There are numerous examples showing the importance of planar graphs (or, equivalently, graphs on the sphere) in discrete mathematics. One beautiful example is Steinitz' theorem that the graphs (or 1-skeletons) of the 3-dimentional polytopes are precisely the 3-connected planar graphs. Planar graphs and their duals form an important link between graphs and matroids.
Also graphs on higher surfaces are useful. Consider, for example, the following seemingly simple question of characterizing those graphs that do not contain two disjoint cycles of odd length. This problem was solved by Lovasz using Seymour's deep characterization of the regular matroids. The interesting graphs in this family are those which can be drawn in the projective plane such that all faces are bounded by even cycles. The fact that no such graph has two disjoint odd cycles could be proved by a tedious combinatorial argument.
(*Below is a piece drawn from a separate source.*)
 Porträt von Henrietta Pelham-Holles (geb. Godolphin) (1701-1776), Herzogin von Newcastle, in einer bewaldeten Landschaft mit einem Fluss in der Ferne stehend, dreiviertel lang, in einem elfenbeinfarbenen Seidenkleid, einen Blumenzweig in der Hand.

The natural proof, however, is merely a reference to the fact that the projective plane has no two disjoint noncontractible cycles, an immediate consequence of the classification theorem.
Graphs on surfaces play a central role in the deep Robertson-Seymour theory on graph minors. One of the main results of Robertson and Seymour is the following: Any infinite collection of graphs contains two graphs, say G and H, such that H is a minor of G, that is, H can be obtained from G by contracting and deleting edges and deleting isolated vertices. An important consequence (and source of motivation) of this impressive result is an extension of Kuratowski's theorem to higher surfaces: For every fixed surface S, there is a finite collection Forb0(S) of graphs that cannot be drawn on S such that any graph G can be drawn on S if and only if G has no graph in Forb0(S) as a minor.
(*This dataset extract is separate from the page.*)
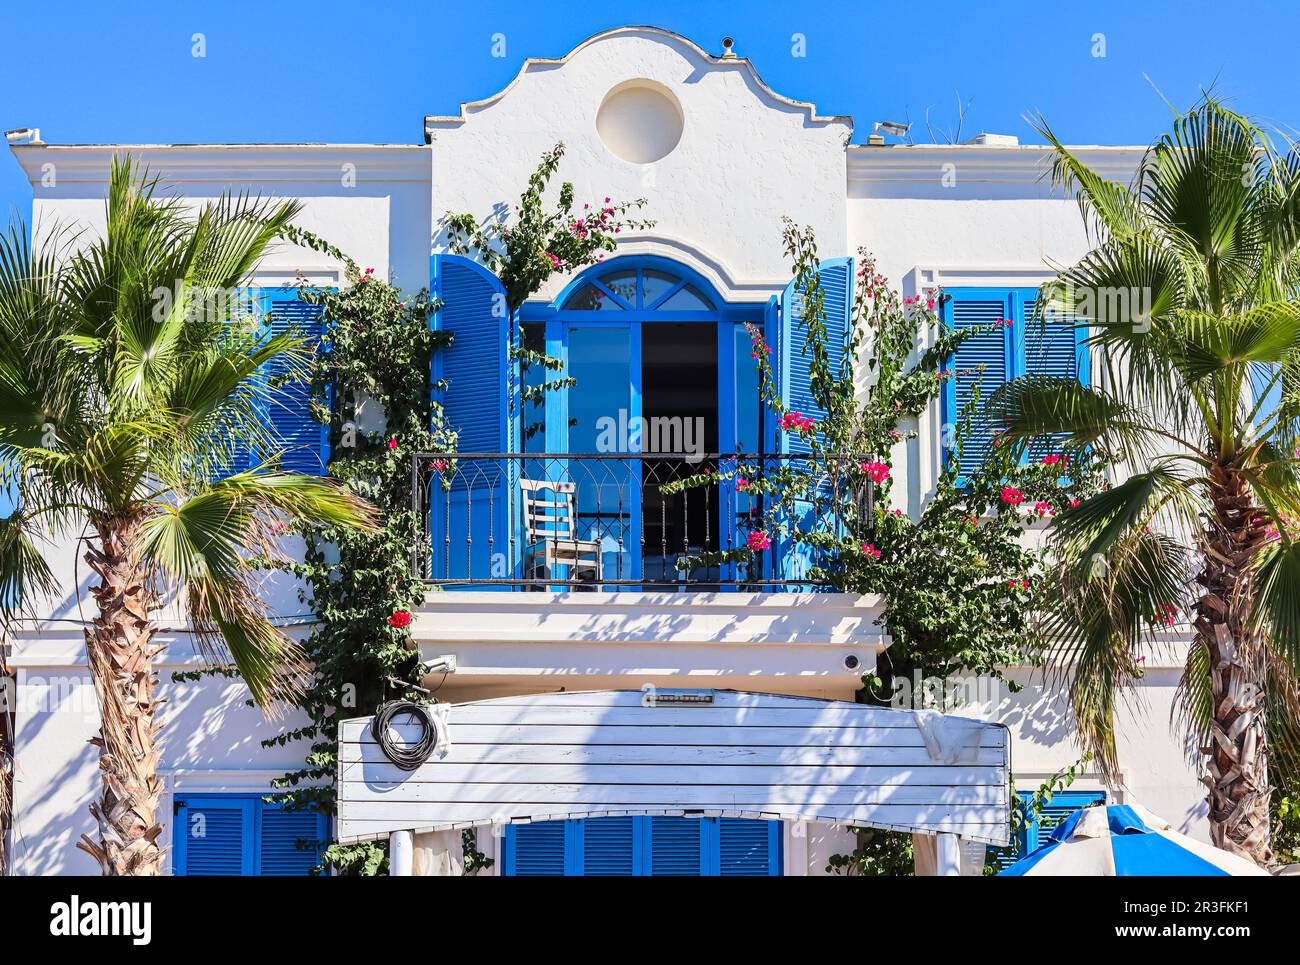 Casa bianca con persiane blu, piante tropicali e palme pittoresche. Destinazione turistica sulla costa dell'Egeo. Foto Stock

The literature on graphs on surfaces is immense and has already been treated in some monographs. Ringel [Ri74] presented the complete proof of the Heawood conjecture. White [Wh73] emphasized the algebraic aspects, and so did Gross and Tucker [GT87] who also discussed voltage and current graphs. Tutte [Tu84] and Bonnington and Little [BL95] treated graphs on surfaces from a purely combinatorial point of view. Our work has only little overlap with these books and treats in more depth several more recent achievements in topological graph theory.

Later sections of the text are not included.